9 Comments for “Ramona teacher places trust in union leadership”

  1. John Stockton

    Who do I trust? What has become apparent to me is NEITHER is looking out for the best interests of our children.

    The teachers get up on their soapbox and claim to be "for the kids". Let's be honest, they, or at least their union, are in it for the teachers.

    The administrators (including the Board) are no better. The Board is mostly about self-promotion and power. Being a big fish in a small pond must be appealing to some. The administration is not guilt-free either. Do we really need all these assistant superintendents, assistant principals and other ancillary staff?

    So, you see, we are in the unfortunate position of having representatives in this battle to look out for the best interests of the administration and teachers, but nobody looking out for our kids. At least those employed by the district get their cushy pensions and benefits those of us who support them through our taxes do not enjoy.

  2. Dbr

    Thank you for your comments Carolyn

  3. Jane Tanaka MD

    We tend to trust those who are like us.
    We tend to trust those who trust others, and not those who seem distrustful themselves.
    We tend to trust those who are transparent in what they are doing, and who communicate with us, and are open to our ideas.
    Trust tends to vacillate according to evidence we see of trustworthiness … unless we have blind trust.. but than can enable people who will take advantage of us.
    Its risky to trust , because it can lead to feeling betrayed or disappointed.
    Trust must occur first , in order to have Faith.
    Negotiating in Good Faith… very hard to do without Trust.
    Perhaps, hence 18 plus months of negotiations until an agreement.

  4. Parent

    You teachers continue to show your true colors.

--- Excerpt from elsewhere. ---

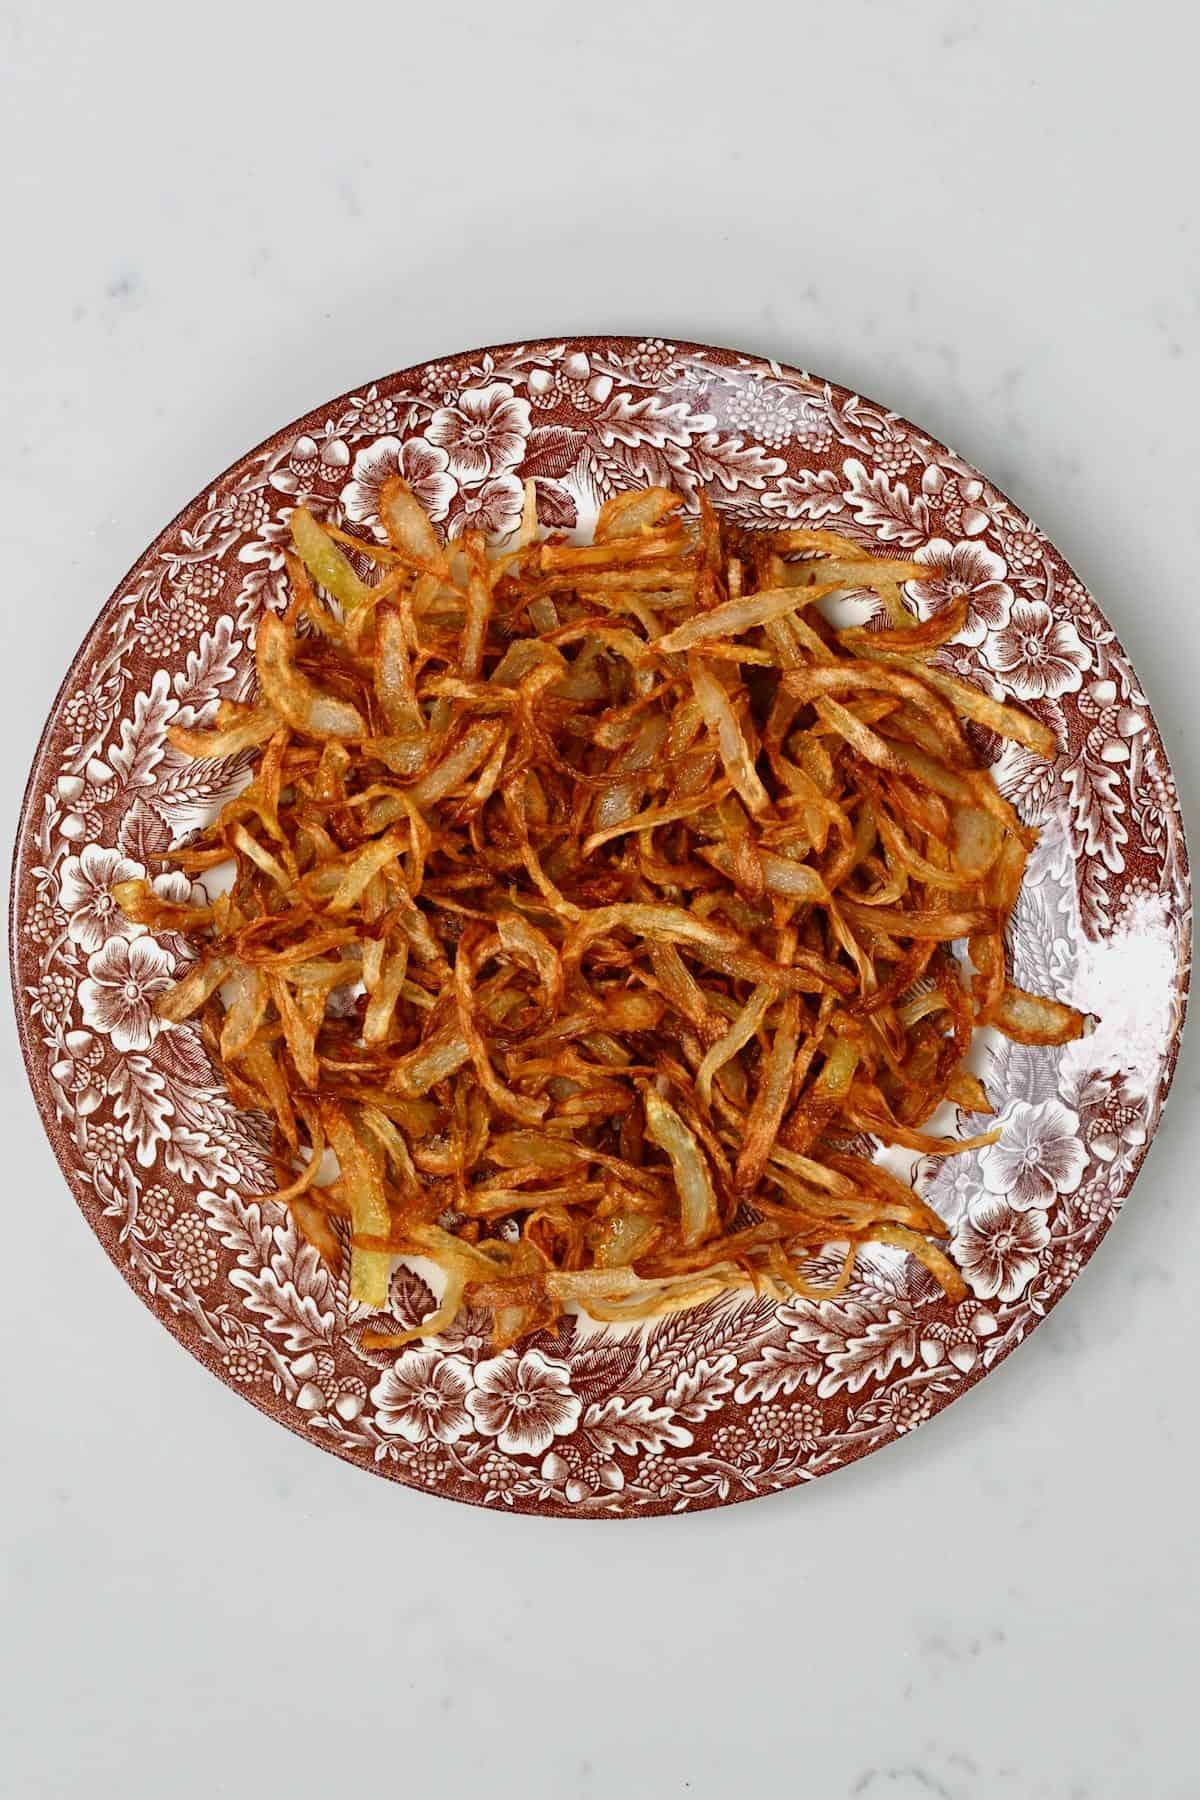 A plate with crispy fried onion

Good to know.

  5. Fred

    I too have been at more board meetings than I can count in the last year and a half. I have seen the overly pessimistic budget projections. I seen the non-transparent way the school district admin deals with issues, trying to cover up and exclude the public. And most importantly I have seen an ineffective board who does not ask questions, does not probe the admin's plans, and does not hold the superintendent responsible for making the kind of changes that will be good for the children, the community and the employees of the district. Dr. G should be accountable and the school board are the ones we have chosen for the job of holding him accountable.

    When public citizens like Jane Tanka and the Parents Coalition are doing a better job from the sidelines of asking the right questions, investigating and calling for action, than our board members, something is wrong with our so called leadership.

  6. Fred

    Part 2
    For me it comes down to choosing board members next election who are proactive and brave enough to roll up their sleeves to fix things instead of just riding the superintendent's wave. I hope we will all look closely at our candidates come next school board election. And from here on out, our present school board should start doing their job… represent the community of Ramona.

  7. Jane Tanaka MD

    Thank you Fred, for the validation. But it is easier to be on the sidelines to shout out what logically seems to be right. Its harder to be in public office .. its harder to be the one who might be sued or tar and feathered, especially in Ramona.
    Am aware that labor laws and fear of lawsuits have greatly encumbered the process
    of the negotiations. If you take a look at the California Public Employees Relations Board website, you will see that the negotiations followed step by step what the PERB outlines, and the attorneys on both sides have either advised accordingly or drawn out the process to the hilt. . Its like the RTA and the Board have been behaving like middle school students at a cotillion, afraid of making a misstep.. and its frustrated and perplexed everyone! And yet the PERB told them at the end to knock it off and work it out. Hopefully common sense will rule next time; ie in one year when the agreement runs out.

  8. Fred

    Dr. Tanaka,
    I respectfully disagree. No one would sue anyone if the board were just to start digging into facts and asking the right questions, even before negotiations gets to the point it has gotten to this go around. Like I said they need to be proactive and represent the interests of the community. If initially they had told Dr. G. and Mr. Ostermann to figure out a better offer than the last best and final that was imposed, we never would have gotten to PERB, fact finding, or an imposition. Dr. G was never help accountable because Perfect, Dohm, Stoody and Lasley apparently think they represent him. Why else would they give him a raise first when the district was in such turmoil? They should have told him to fix the problem and then give him the raise. And there's Rajic who doesn't want to decide one way or the other where he stands. Ramona deserves better representation.

    • Guest

      Fred you are correct! It is the obligation of each and every board member to research and know the facts of each and every item that comes before them for a vote. You don't just give staff a blank check to do what they want. These board members are doing the district, the students and the community diservice if they are not researching the facts before making a decision on which way to vote. If its too much work for them then they need to resign and let someone who truly cares take over. Also it is Mr. Graeffs job to make the board look good and informed and to try to keep them out of this type of turmoil. He has failed miserably at that and if I sat on that board (and I've sat on a few, have no desire to any longer) I'd be asking for his resignation. I just hope now for the students sake and the communities sake this can be put behind them for the next two years and in the meantime work on the issues they still have so we don't see this two years from now.